In February 2020, just as a new coronavirus was triggering the global COVID-19 pandemic, structural biologist Jason McLellan and his team published the structure of the key protein it uses to invade human cells1. Immediately, scientists began using that protein’s structure to develop COVID-19 vaccines.

But that wasn’t the first time McLellan, now at the University of Texas at Austin, had solved a structure and spurred on a new wave of vaccines. In 2013, he was focusing on a different killer — respiratory syncytial virus, or RSV2.

RSV causes a respiratory tract infection that affects 64 million people per year worldwide. It hospitalizes 3 million children under 5 years old and approximately 336,000 older adults annually (see ‘Common scourge’). The global health-care costs of RSV-associated infections in young children in 2017 were estimated to be US$5.45 billion3.

Researchers have been trying for decades to develop a vaccine, and have had some particularly devastating failures — including the deaths of two participants in a trial in the 1960s.

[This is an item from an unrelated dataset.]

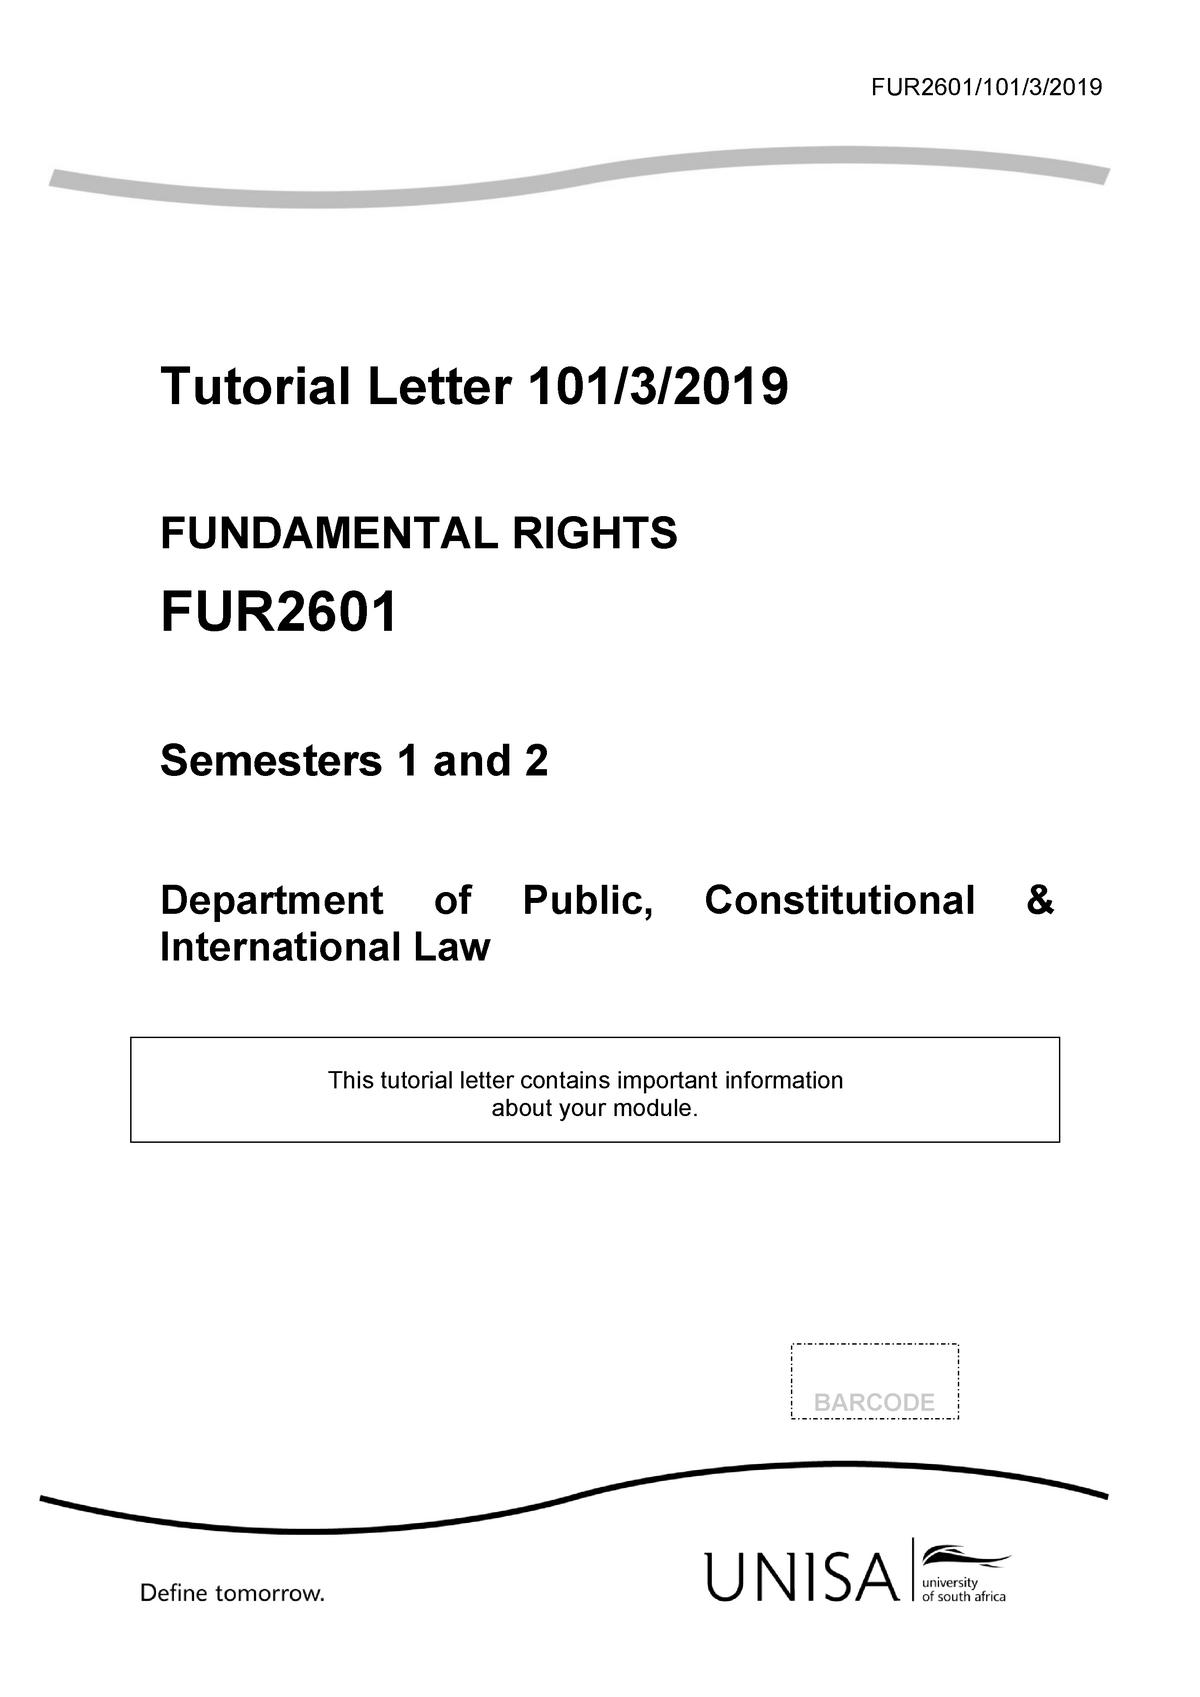 Tutorial Letter 101 2019 3 b-2 - Fundamental Rights FUR2601 ...
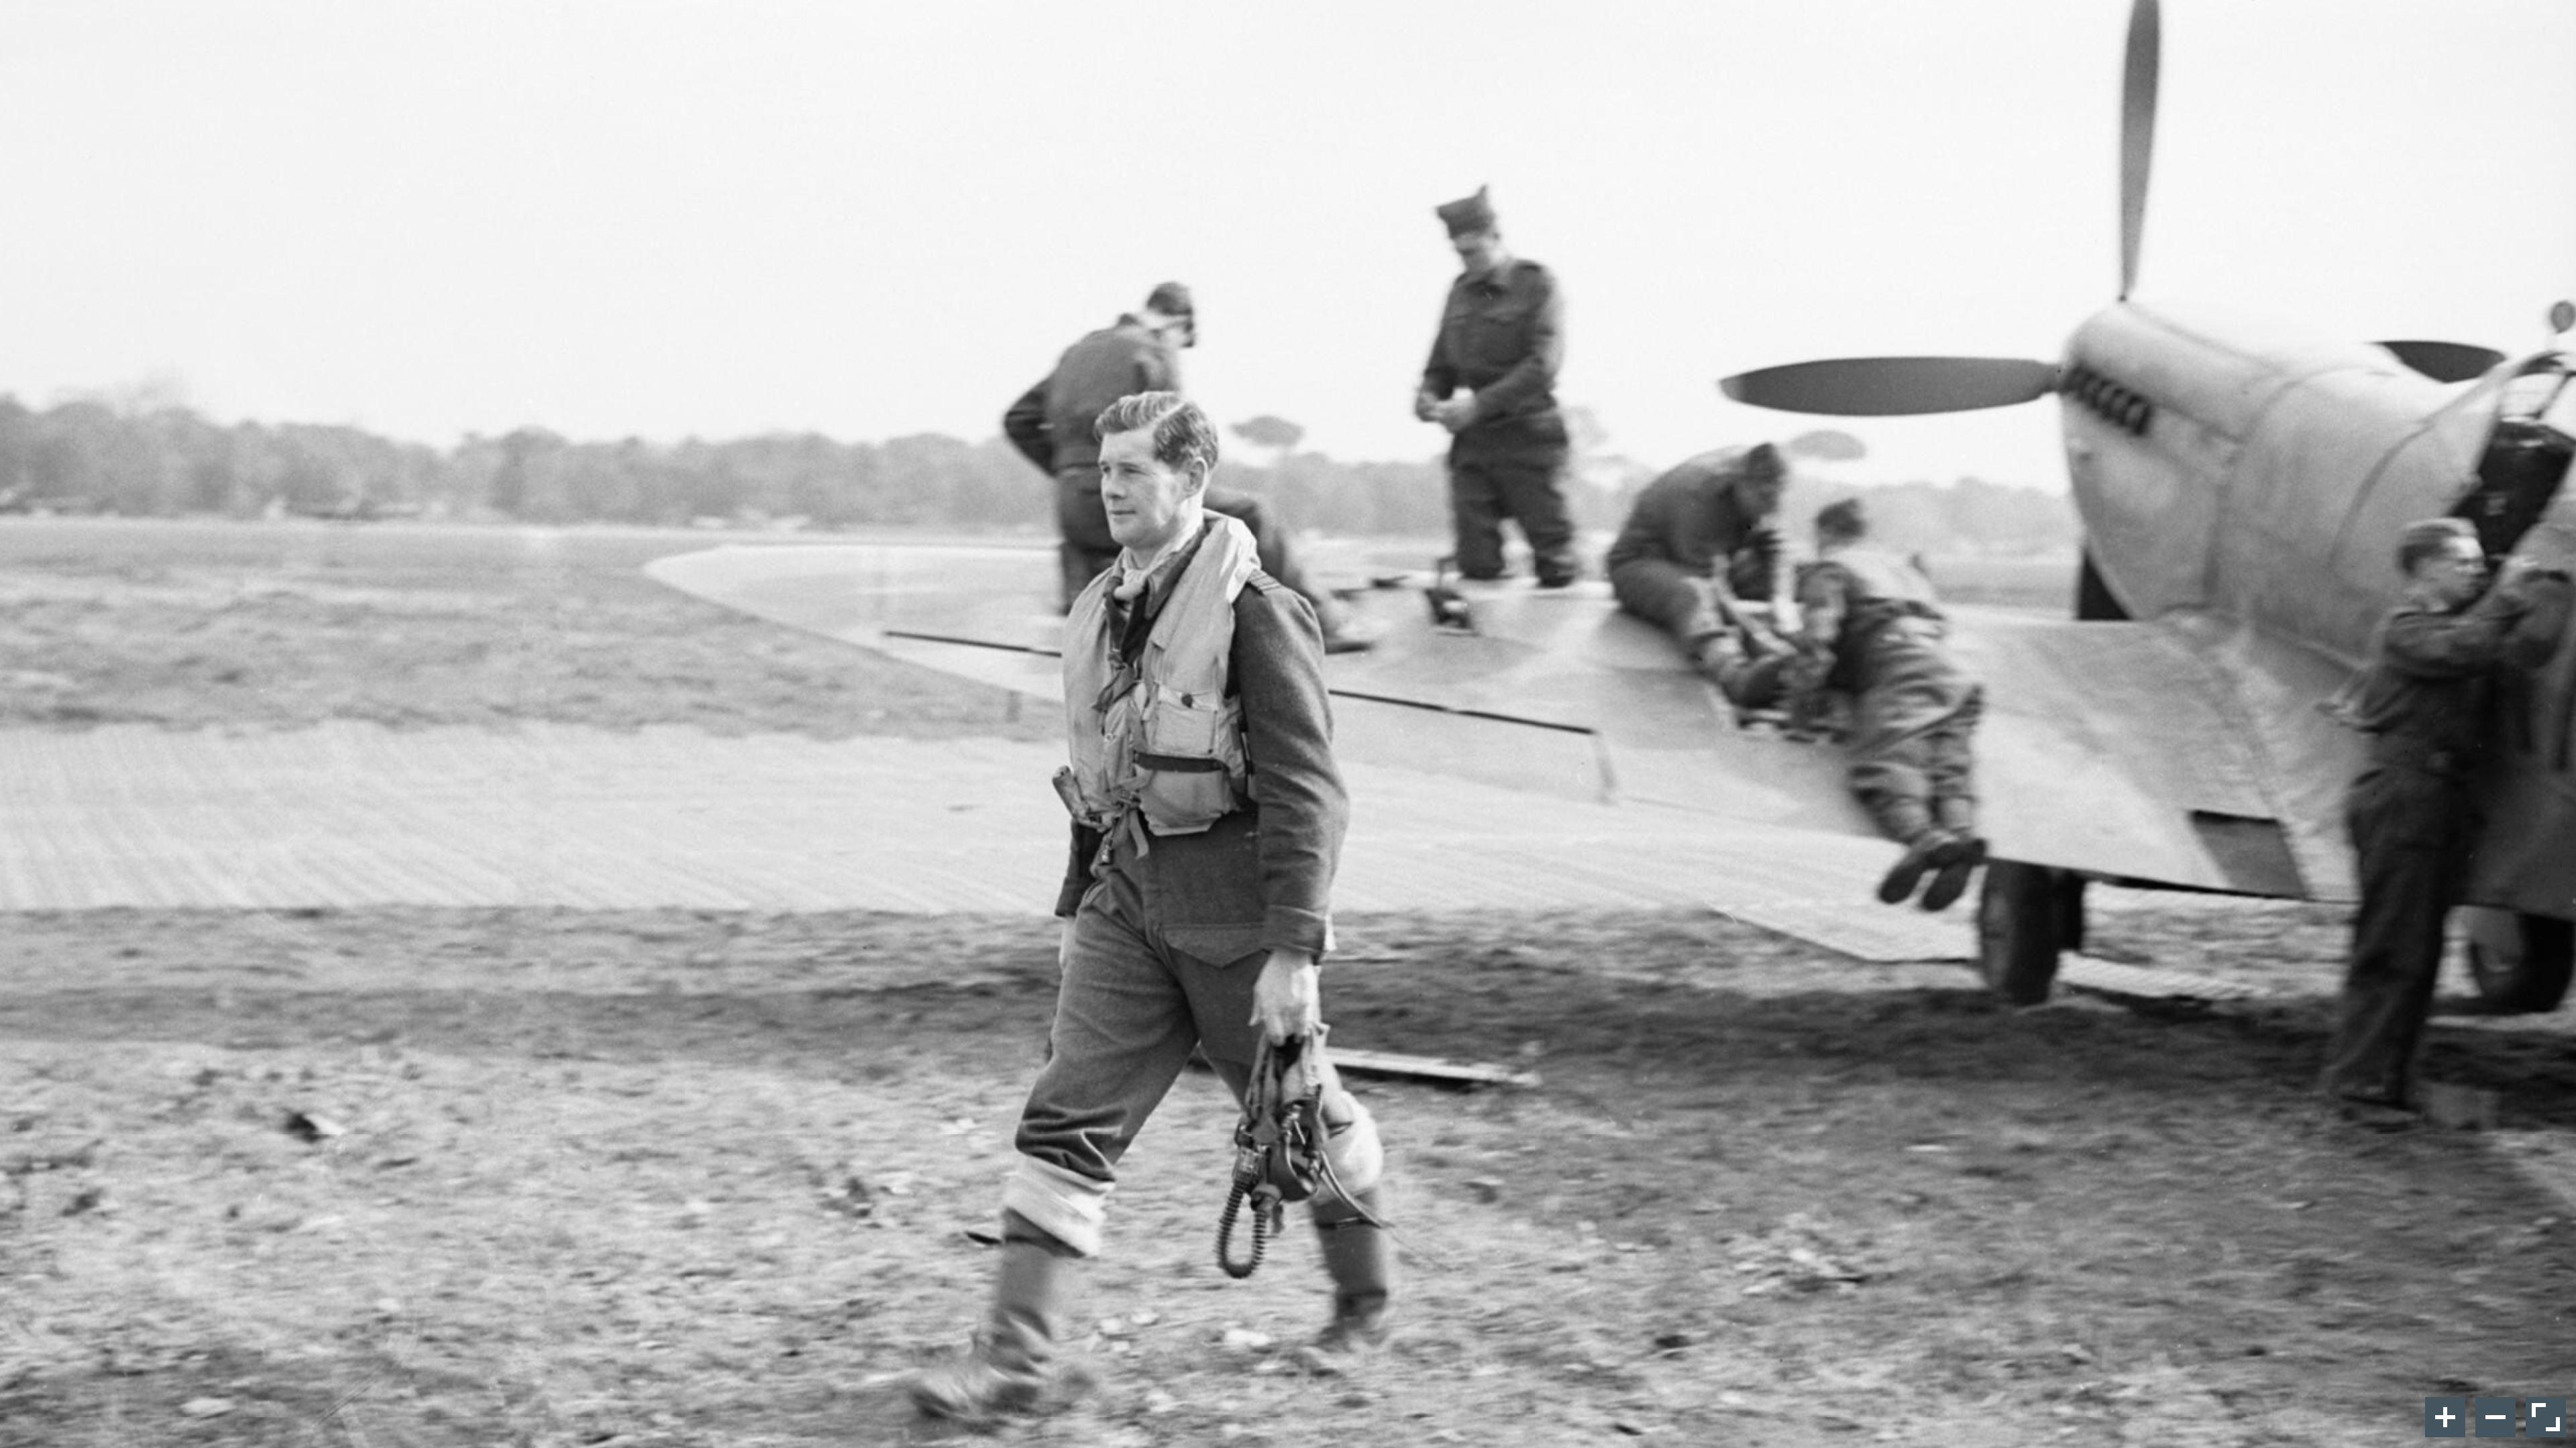 Aircrew RAF 72Sqn Flt Lt GJ Cox at Lago landing ground near Castel Volturno IWM CNA2438a

Solving the protein structure revived the RSV field. McLellan, then a postdoctoral researcher at the US National Institute of Allergy and Infectious Diseases in Bethesda, Maryland, and his colleagues looked at a protein that the virus uses to fuse with cells and infect them, called the F protein, and found a way to stabilize it in its prefusion form — the shape it adopts when ready to grab on to cells. The structure of the prefusion F protein unveiled the best target for making vaccine-induced antibodies that could prevent the virus from entering human cells.

Now, an effective RSV vaccine is nearly within reach: four candidates and one monoclonal antibody treatment are in late-stage clinical trials.

“It’s been 8 years since the prefusion F protein conformation was elucidated and now we’re all in phase III trials based on that fundamental discovery,” says Christine Shaw, vice-president of early-development programmes in infectious diseases at messenger RNA therapeutics company Moderna in Cambridge, Massachusetts.

The quest for RSV vaccines has not escaped the effects of the COVID-19 pandemic. The pandemic has complicated the trials, but it also helped spur developments that might finally protect against this childhood killer.

Rough start

RSV infects most children by age three, and most adults many times over, but natural immunity to it is not long lasting. Infections are usually most severe in infants under two months old, who are encountering the virus for the first time. A vaccine or treatment would drastically reduce hospital and intensive-care admissions for this most vulnerable group, says Rabia Agha, a paediatric infectious-disease specialist at Maimonides Children’s Hospital in New York City. And because of the acute medical need for vaccines and treatments for RSV, regulatory agencies in the United States and Europe are prioritizing them for review.


Sources: Under 5, Shi, T. et al. Lancet 390, 946–958 (2017); over 65, Shi, T. et al. J. Infect. Dis. 222, S577–583 (2020)

These candidates have been a long time coming. In the late 1960s, a series of vaccine trials tested a vaccine made from inactivated RSV in children in the United States. Tragically, the shot did the opposite of what it was meant to — it made disease worse in vaccinated children when they were later naturally infected with RSV. This caused severe lung disease that hospitalized most of the children in the trial and killed two.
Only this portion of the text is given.